0.5oz. UK East Kent Goldings 10min.
0.5oz. UK East Kent Goldings 5min.
White Labs WLP001 California Ale Yeast
OG: 1.060
Update 12/5: Racked to secondary. Current gravity is 1.016 at 64°F.
FG: 1.017 at 60°F
ABV: 5.9%

ALe Pacino - Extract, 5 Gallons, 90min.
8lbs. Liquid Malt Extract
1lb. Chocolate Malt
4oz. Crystal 60
1oz. Homegrown Chinook 60min.
Whirlfloc 15min.
0.5oz. Cascade 10min.
0.5oz. Cascade KO
White Labs WLP001 California Ale Yeast
OG: 1.060
Update 12/12: Racked to secondary. Current gravity is 1.015 at 66°F.
FG: 1.016 at 60°F
ABV: 6%

I should have just put some anti-foam in every batch since the day after the above picture was taken, 5 blew through the airlock. Luckily, I was home to catch it before big messes ensued.

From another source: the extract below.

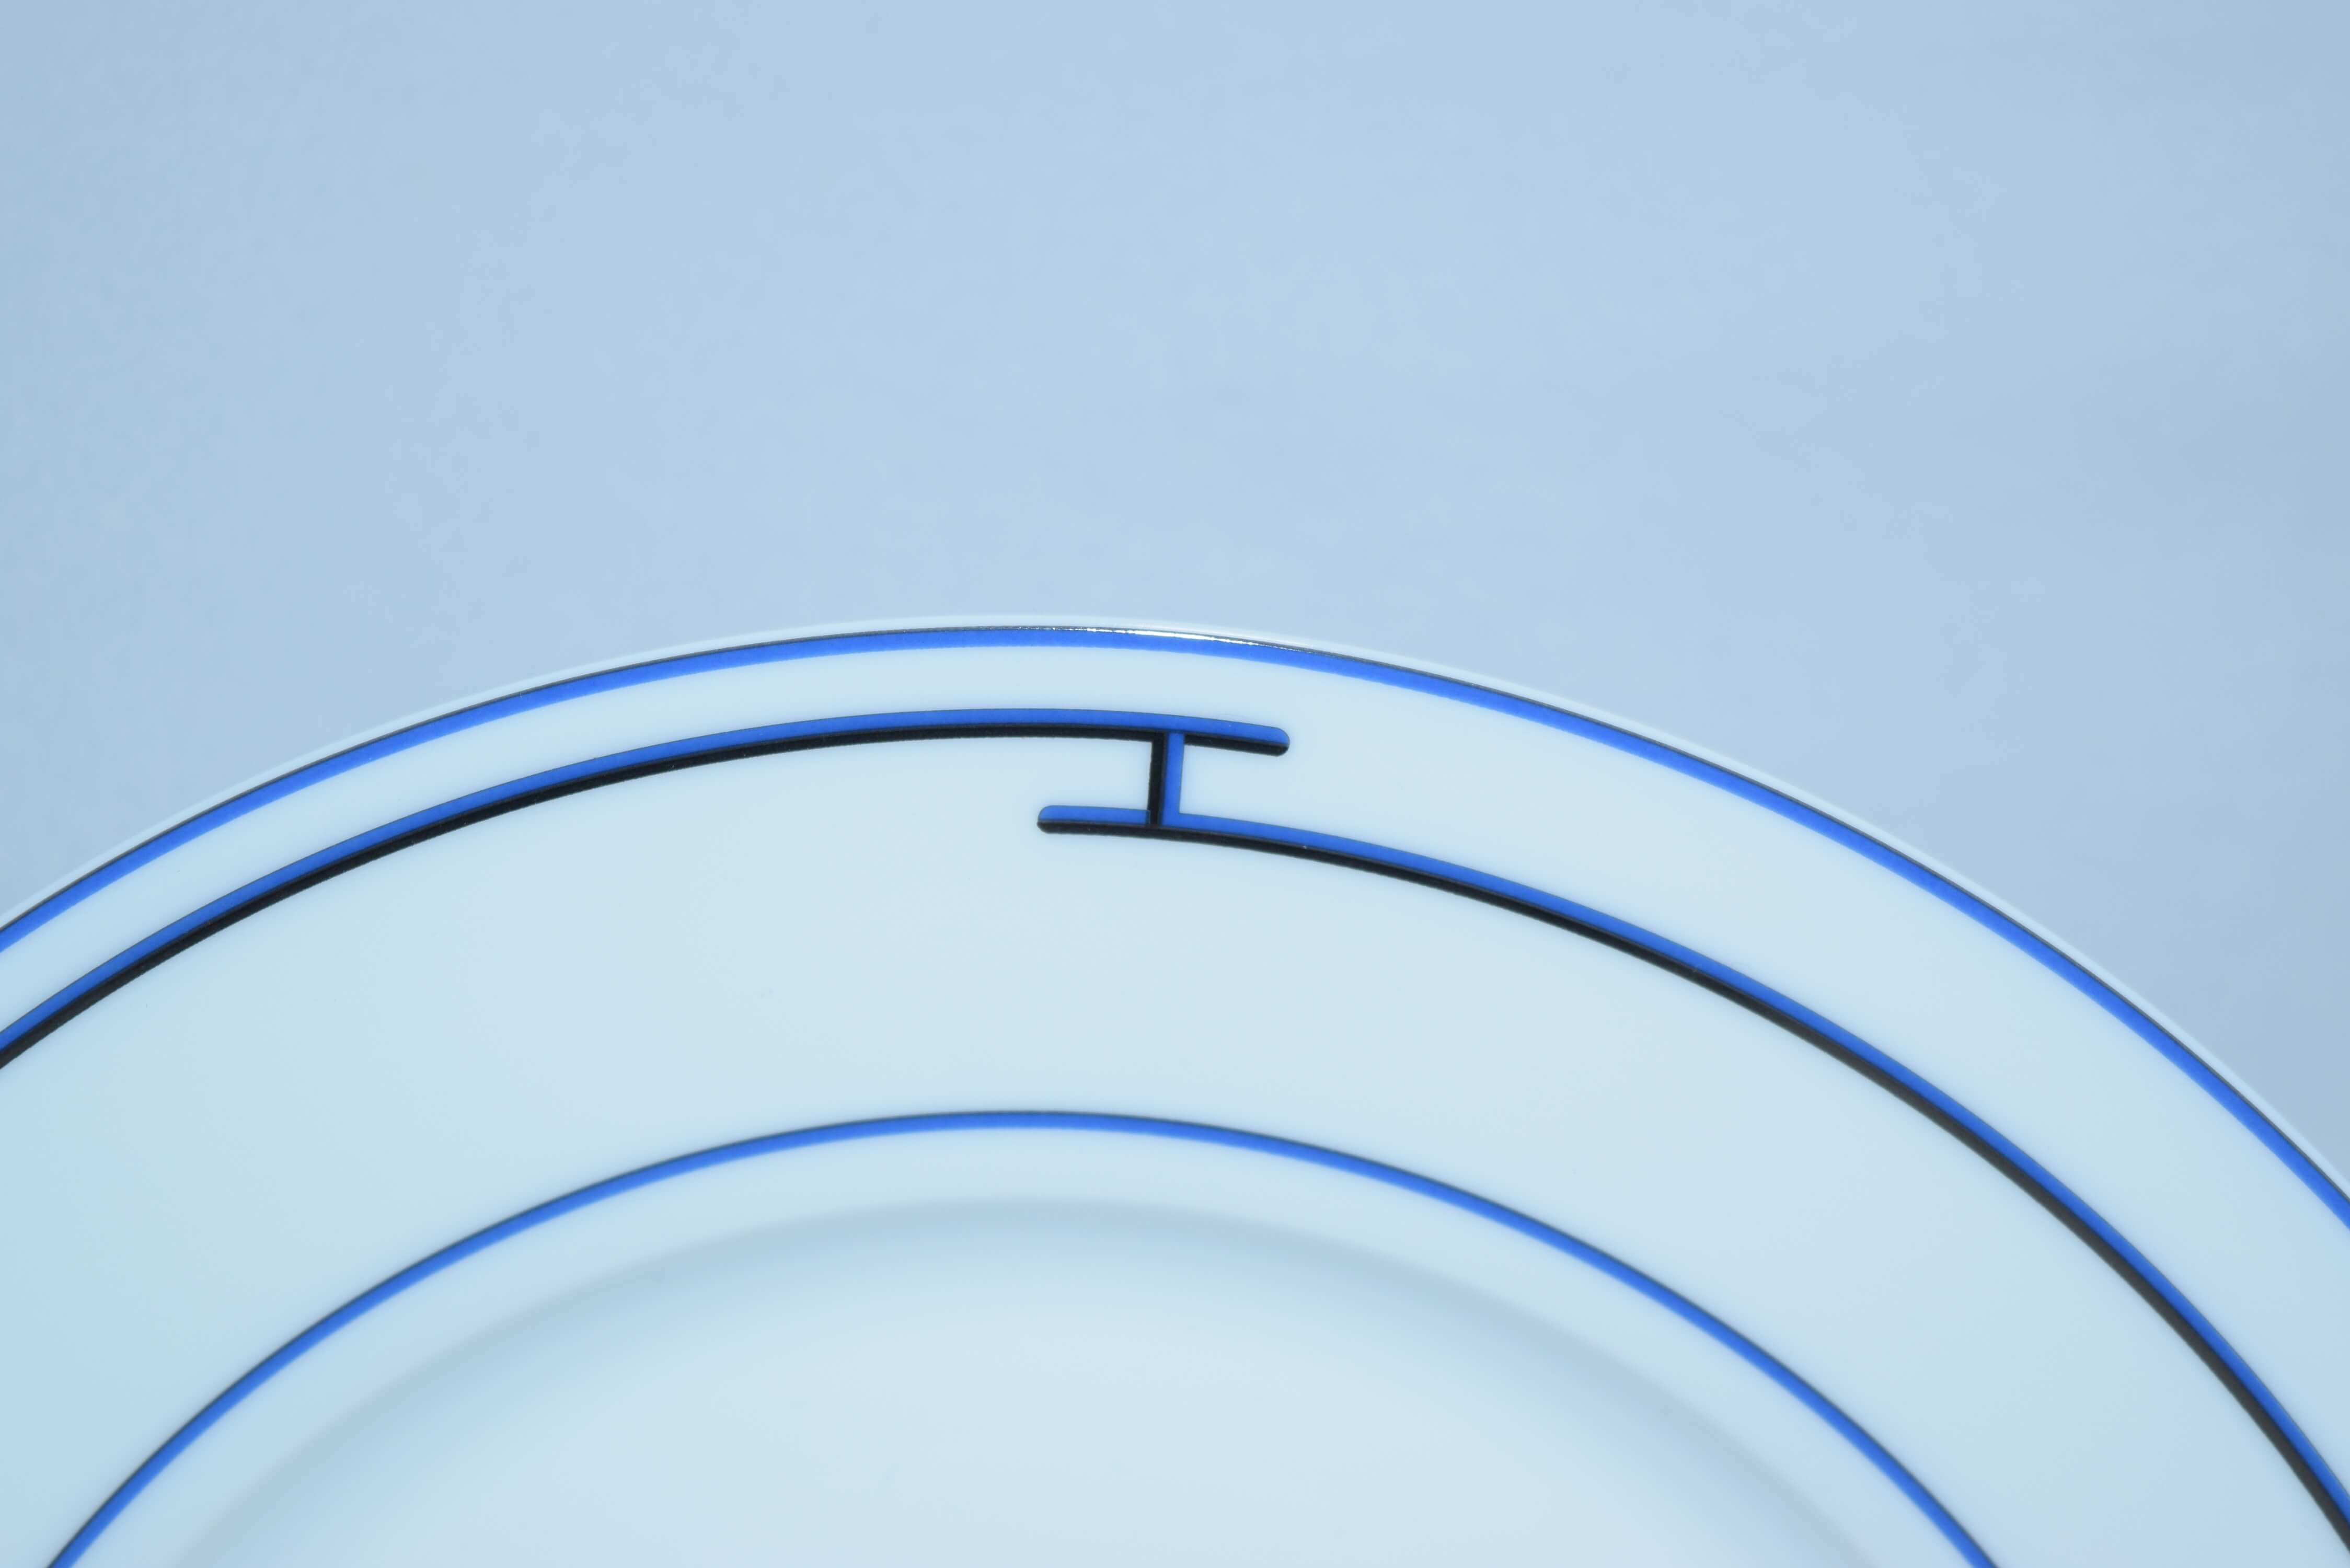 Hermes Rhythm Dinner Plate 10.6" Blue Set of 2 Porcelain 27 cm – art

I have one more batch to brew next weekend that will feature agave nectar provided to me by my favorite tequileria, Cantina Mayahuel.

Thursday, May 1, 2008

Rascherry Wheat 21

My sister-in-law is turning 21 in a month. She's helped with the hop farm quite a bit and is well deserving of some homebrew. Looking in the fridge to see the flavorings I had available for a fruity-wheat crowd-pleaser, I sent a text to sis to ask if she wanted raspberry, cherry, or both. So here's Rascherry Wheat, Happy Birthday Caroline!

Rascherry Wheat 21
5 Gallons, All Grain, Single Infusion Mash, 90 Minute Boil

7lbs. Domestic Two-Row
6lbs. Belgian White Wheat

3/4oz. Hallertauer 60min.

White Labs, California Ale Yeast
Primary Ferment 10 Days
Secondary Ferment 10 Days
Raspberry and Cherry Flavoring to taste during kegging

My brewing system is perfect for indoor sparging!

A heat wave just hit Southern California so I'm using a water bath (with periodic ice cubes) to maintain ideal fermentation temperatures.

This is what prevents me from making too many wheat beers. I need to use a blow-off tube to prevent blow-outs from wheat fermentations. This thing will clog with the yeast cake and it is a huge pain to clean out. I typically use only a plastic airlock but wheat beers will blow right through those. Caroline's lucky I like her!

UPDATE (5/24):
The weather in Southern California has been wild from record heat to cold rain. In secondary, I kept the carboy in a water bath with a towel wrapped around it. This has kept temperatures consistent. Tomorrow, the batch will go inside the kegerator for chilling and settling before kegging. The birthday celebration will take place next weekend.